Our maximum bets at the track were $5. We had a spending limit at the casinos, too, but I don’t want to talk about that. Those Indians, man, did they ever clean our clocks! (Get back at them! Best Buffet: The Valley View. Lobster and prime rib and much, much more, and your first one’s free, also one on your birthday. Which are the only two times we’ve eaten there!) Much of the rest of all that stuff above was free, or cheap. Walks are the cheapest of all. Los Angeles hasn’t exacted a sidewalk tax. Yet.
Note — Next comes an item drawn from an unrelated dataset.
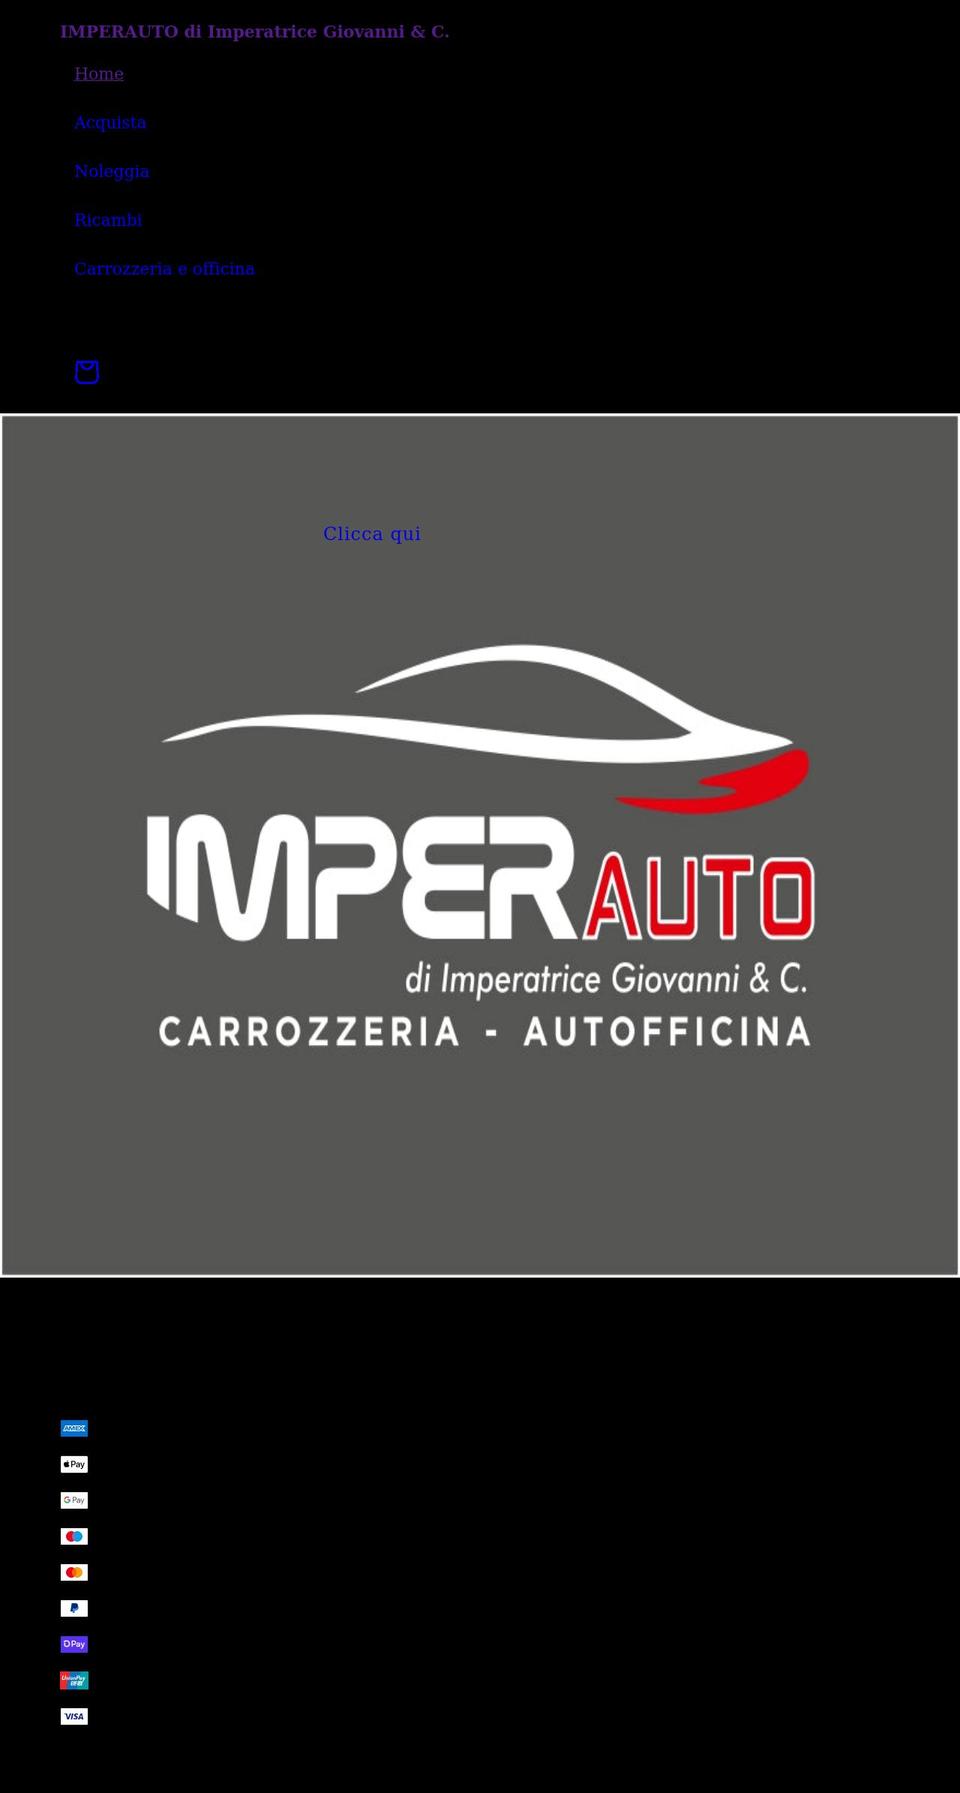 imperauto.it shopify website screenshot

Lee has kept an extensive photographic record of all this, which some day would make a great coffee table book. She says Los Angeles is just one big photo-op. We have seen so much, some good, some bad. Endless homeless people, camped out under freeway bridges along the river, pushing shopping carts everywhere you go, shuffling along or passed out on the sidewalks along Skid Row. But also, endless murals; Lee must have taken pictures of a thousand of them.
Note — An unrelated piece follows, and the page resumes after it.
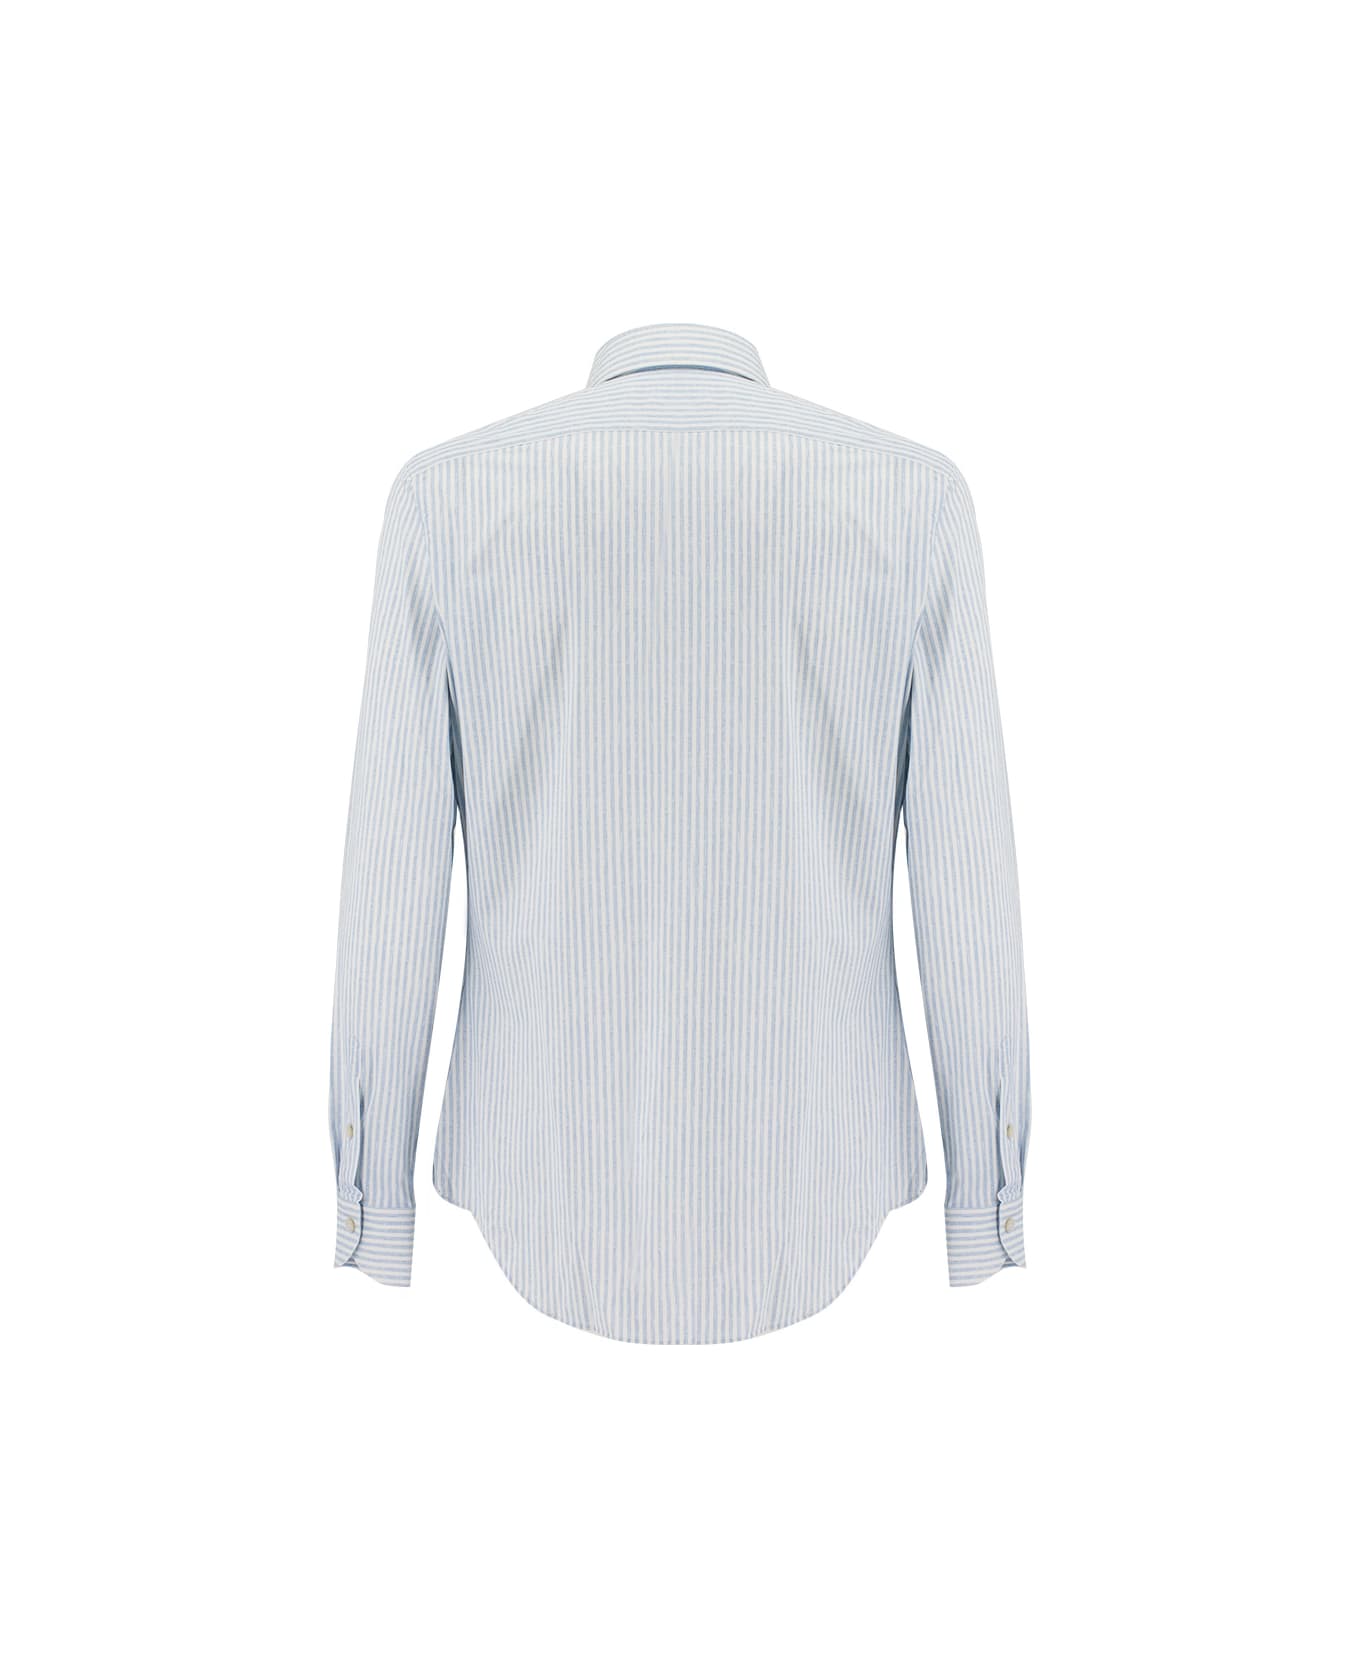 Xacus Shirt - STRIPE LIGHT BLUE+WHITE

And you know what? People do walk in Los Angeles. Just not everywhere. And you know something else? They smile and wave and say hello and flash peace signs, and will stop and talk to you. Especially if they have a dog. Compliment anyone on their dog, and they are your instant friend, and will talk about the pooch for a long time. I can’t recall seeing a single threatening person on our walks, and very few surly ones. We met so many interesting people by getting out of the car.
Well. It’s been fun. We’ve loved living here, but it’s time to move on. So hooray for Hollywood! We’ll miss you.